To enhance communication and facilitate decision support, specific timed checkpoints were discussed in expert interviews (phase IV) and simulations (phase V). These included (1) instrument check, (2) instrument readiness and fetal update, (3) maternal and fetal status post-transfer, (4) fetal update post-cannulation, and (5) update post-established oxygenator circuit. The first checkpoint is thought to be of importance because of the additional, novel, equipment which might need more explanation and attention (P37). Additionally, the second checkpoint is at a crucial stage, “At the moment the child is in the transferbag, you have to look really carefully; is the situation of the child still good?” (P39). The main clinical staff member must inform everyone when he or she will start the delivery. The latter three checkpoints facilitate communication and decisions on continuing APAW treatment based on the maternal/fetal state.
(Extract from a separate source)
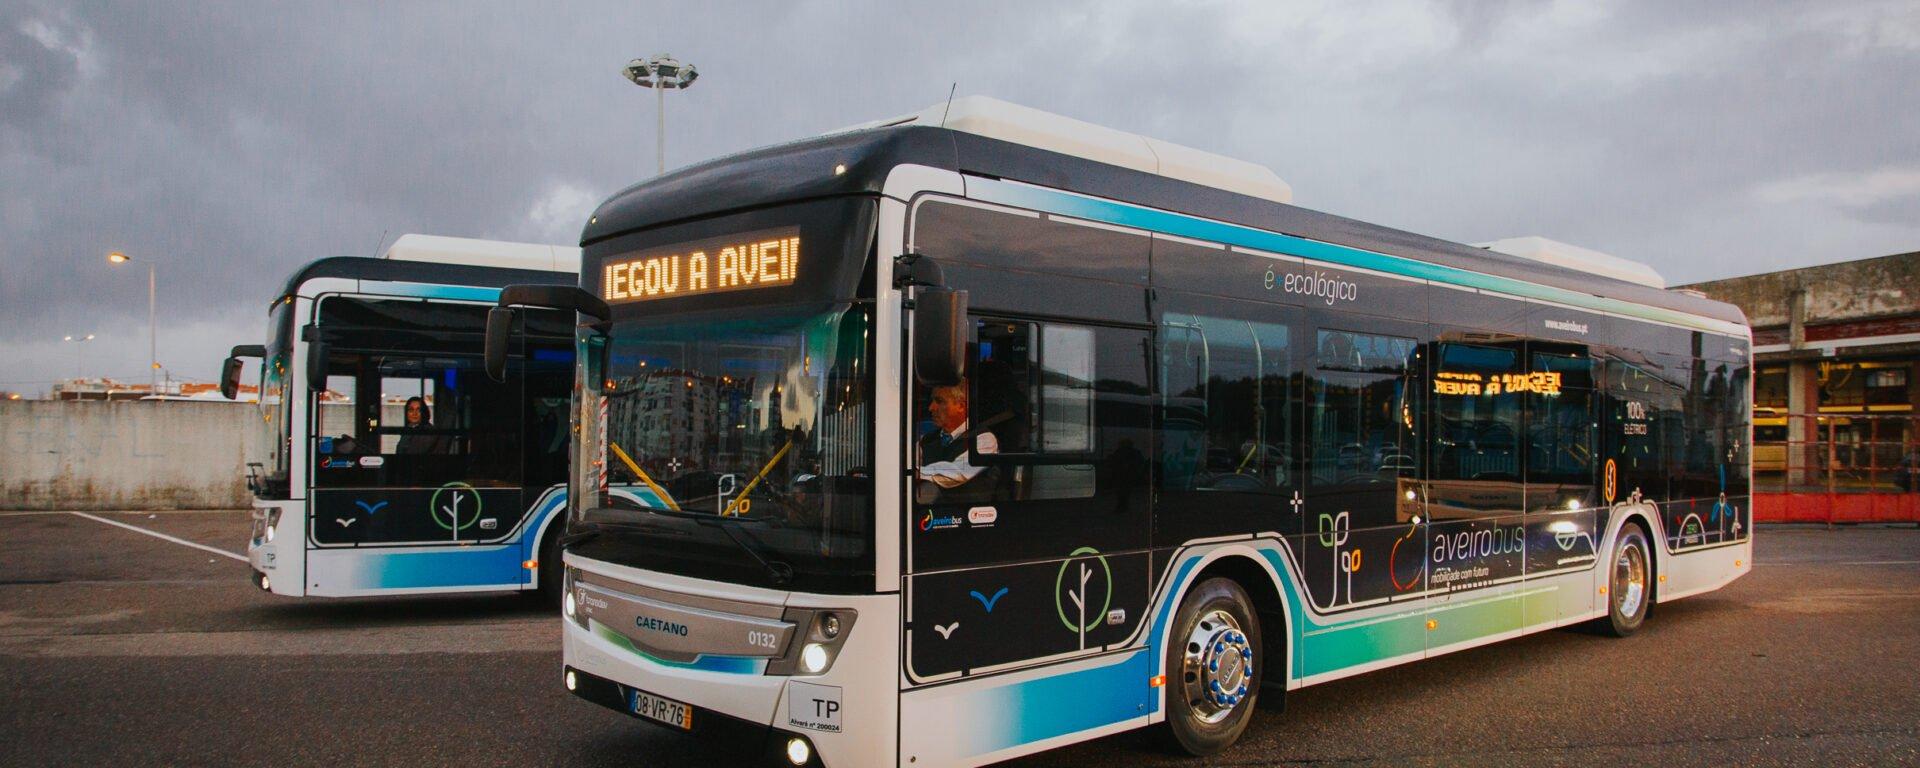 transdev-employees-in-aveiro-portugal-make-their-customers-very-satisfied-1

A specific time limit for cannulation was also considered (P42).

Rescue procedure

Participants confirmed that cannulation entry would serve as the vascular access for medication administration during transfer, given time constraints and lack of alternative access (P36–P42). In case of failed cannulation or negative indications, the rescue procedure, involving stopping the transfer and switching to standard neonatal care, was recommended (P17). Emergency medications, including adrenalin, atropine, dopamine, sodium bicarbonate, and IV sodium chloride infusion, should be readily available (P36, P40).

Transfer protocol

The protocols (Tables 2, 3, 4) and proposed setup are informed by the interviews, simulations, and literature study. Preliminary versions were refined through discussions and simulations before final testing (phase V, Fig. 2). Given the preclinical stage of APAW research, continued evolution of the protocols is necessary and serves as guidelines for procedure development.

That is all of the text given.